The Association of Official Analytical Chemists (AOAC) adopted a method which is the internationally recognized procedure for MRM. By gas chromatography (GC) or high-performance liquid chromatography (HPLC) with selective detectors, the analyte determination is performed. International organizations: the European Union (EU) and the Codex Alimentarius Commission of the Food and Agriculture Organization (FAO) and the World Health Organization (WHO) controlled pesticide residues in food at permissible levels by the MRLs, which are established by them [12]. The pesticides studied were chosen based on their widespread use for crop protection [13].

To overcome the drawbacks of the traditional approaches modern sample preparation procedures, like accelerated solvent extraction (ASE) [14], supercritical fluid extraction (SFE) [15], microwave-assisted extraction (MAE), [16] solid phase extraction (SPE) [17], solid phase microextraction (SPME), [18] matrix solid-phase dispersion (MSPD),[19] extraction and QuEChERS (quick, easy, cheap, effective, rugged and safe),[20] have been developed.

Analytical methods designed for multiple pesticide residues present in foodstuffs. Analytical methods capable of accurately measuring extremely small amounts of pesticides are required. QuEChERS (Quick Easy Cheaper Effective Rugged and safe) method in 2003 for pesticide residue analysis, which gives high-quality results in a fast, easy and an inexpensive way. Analytical quality requirements like trueness, precision, sensitivity and selectivity have been met to suit the need for any particular analysis. The QuEChERS method has been validated for hundreds of pesticide residues in many types of foods, and has become Association of Analytical Communities (AOAC) Official Method 2007.01 [21-24].

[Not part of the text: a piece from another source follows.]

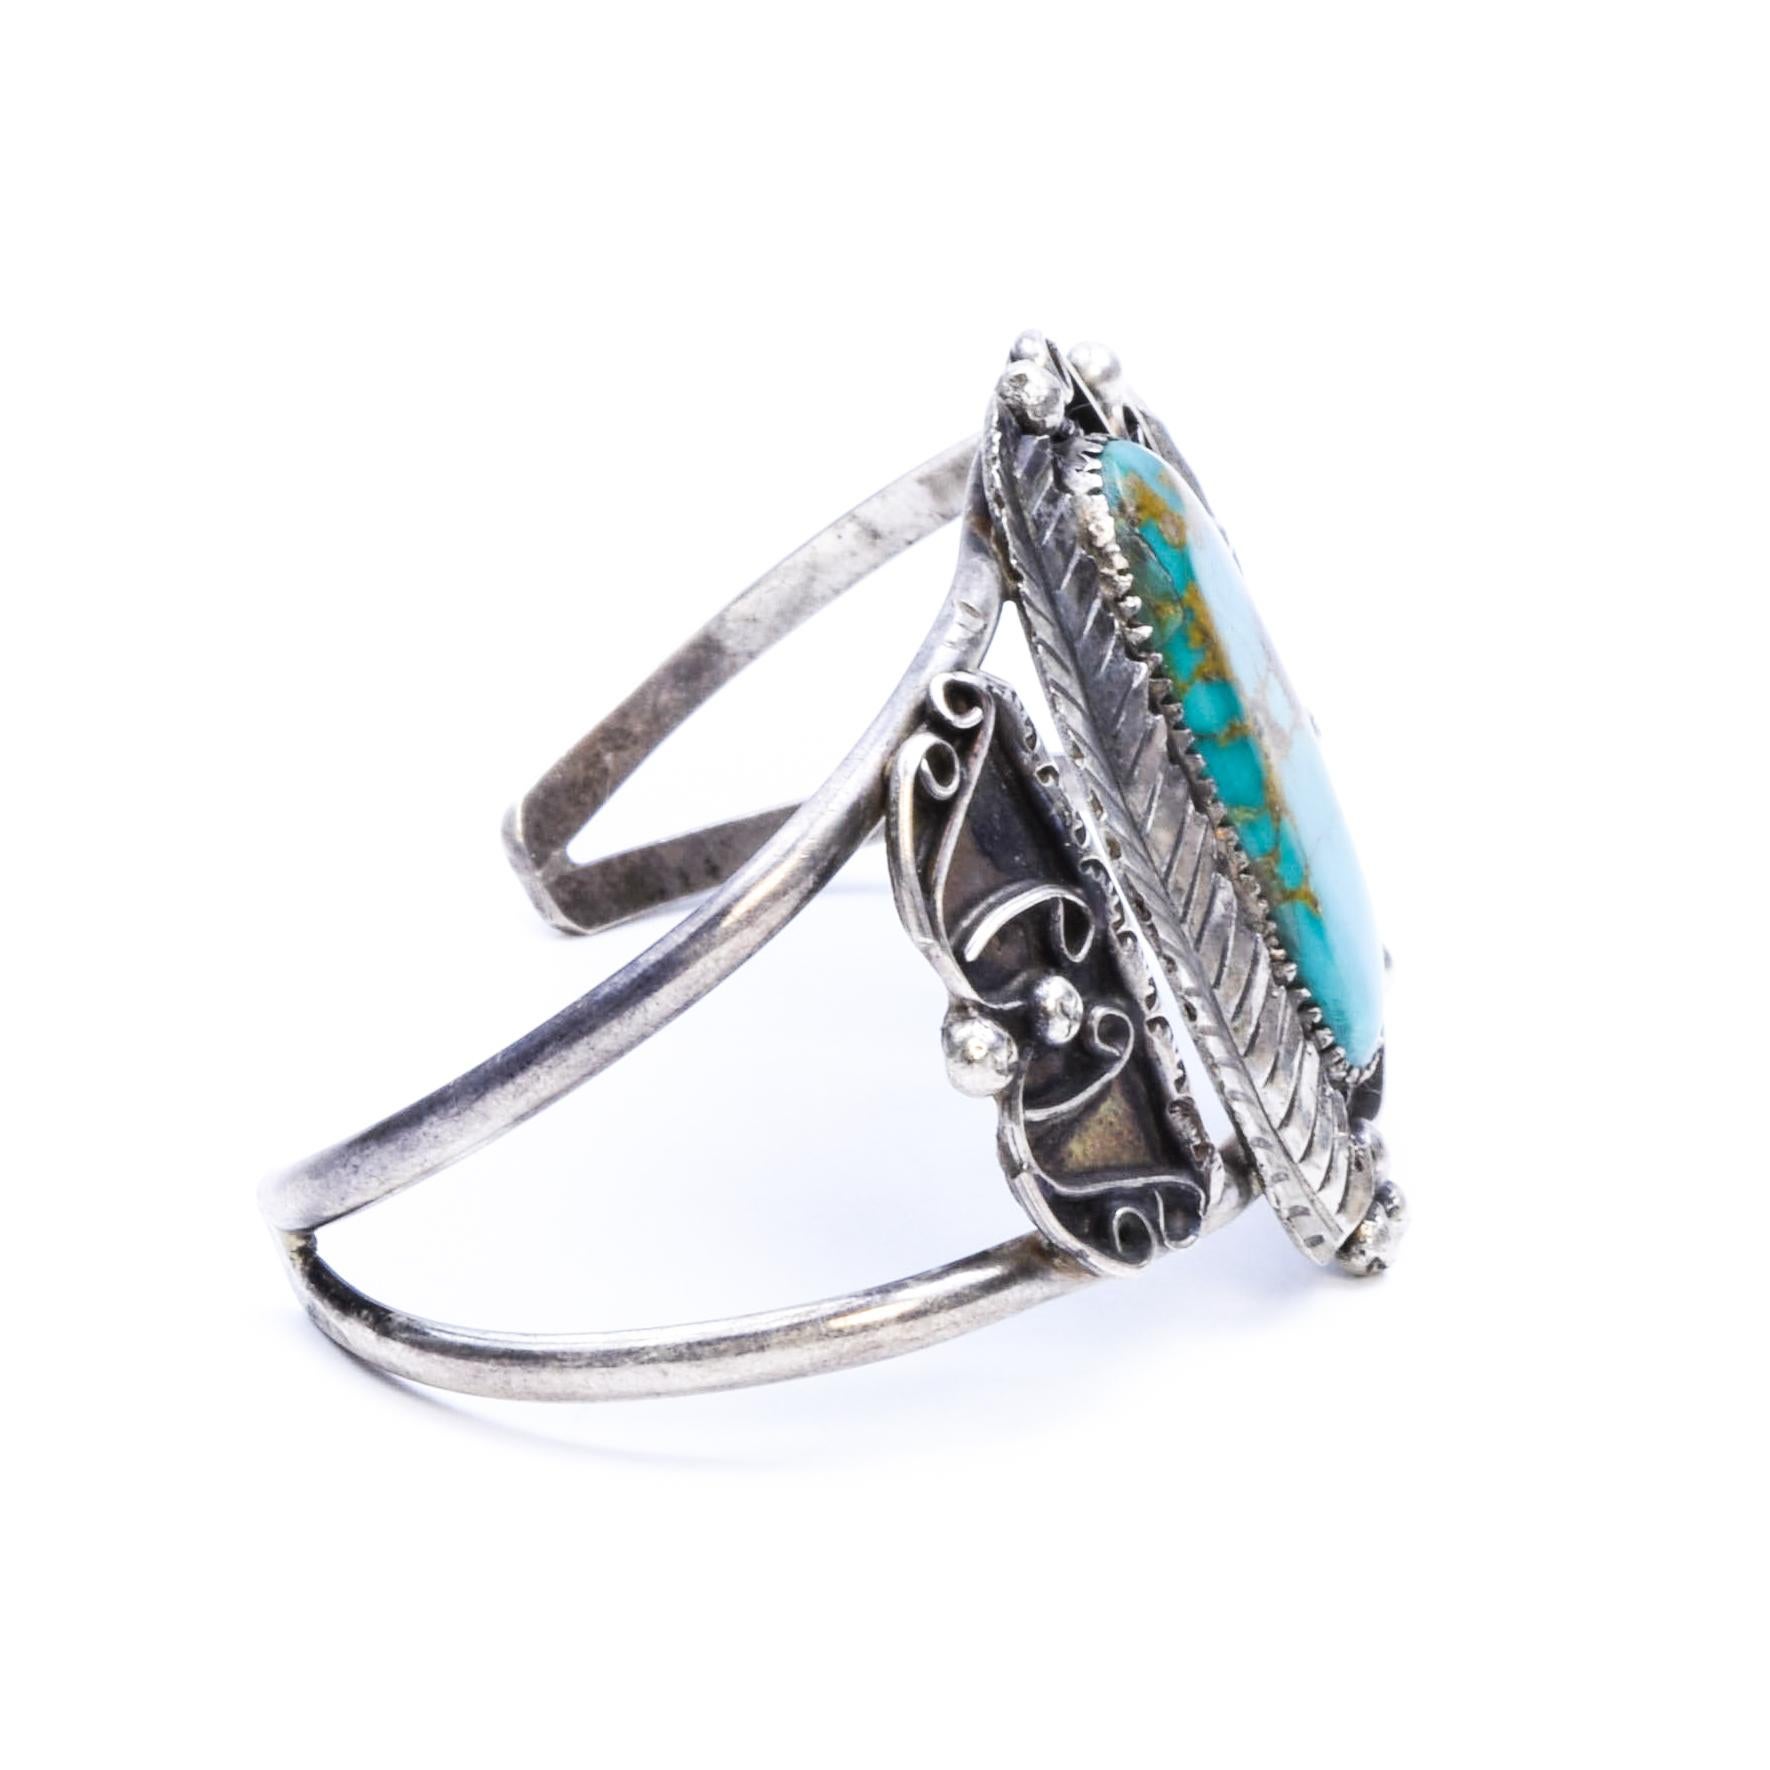 Navajo Cerrillos Turquoise and Sterling Bracelet In Good Condition For Sale In Coeur d Alene, ID

The present study was undertaken with the objective to validate in-house QuEChERS method which scrutinizes and quantify the residue levels of some most frequently used organophosphorus pesticides on bottle guard. The objective of this research work is to prove a complete workflow solution that can be implemented for routine multi-residue pesticide analysis in representative bottle guard matrices and study the persistence of organophosphorus pesticide in bottle guard.

Gas chromatography (GC equipped Flame Photometric Detector (FPD) or mass spectrometer (MS) has been frequently applied for the analysis of pesticides in food for many years [25-28]. In this paper, we report the laboratory validation and uncertainty measurement of some organophosphorus pesticides in spinach matrix with good selectivity, sensitivity, and cost-effectiveness.

MATERIALS AND METHODS

Chemicals and reagents

Pesticide reference standards (Sigma-Aldrich), ethyl acetate (HPLC grade), n-hexane (HPLC grade), anhy. Na₂SO₄ (Merck), anhy. MgSO₄ (Merck), primary secondary amine (PSA), (Agilent Technologies), and graphitized carbon black sorbent supelco (Bellefonte, PA, USA).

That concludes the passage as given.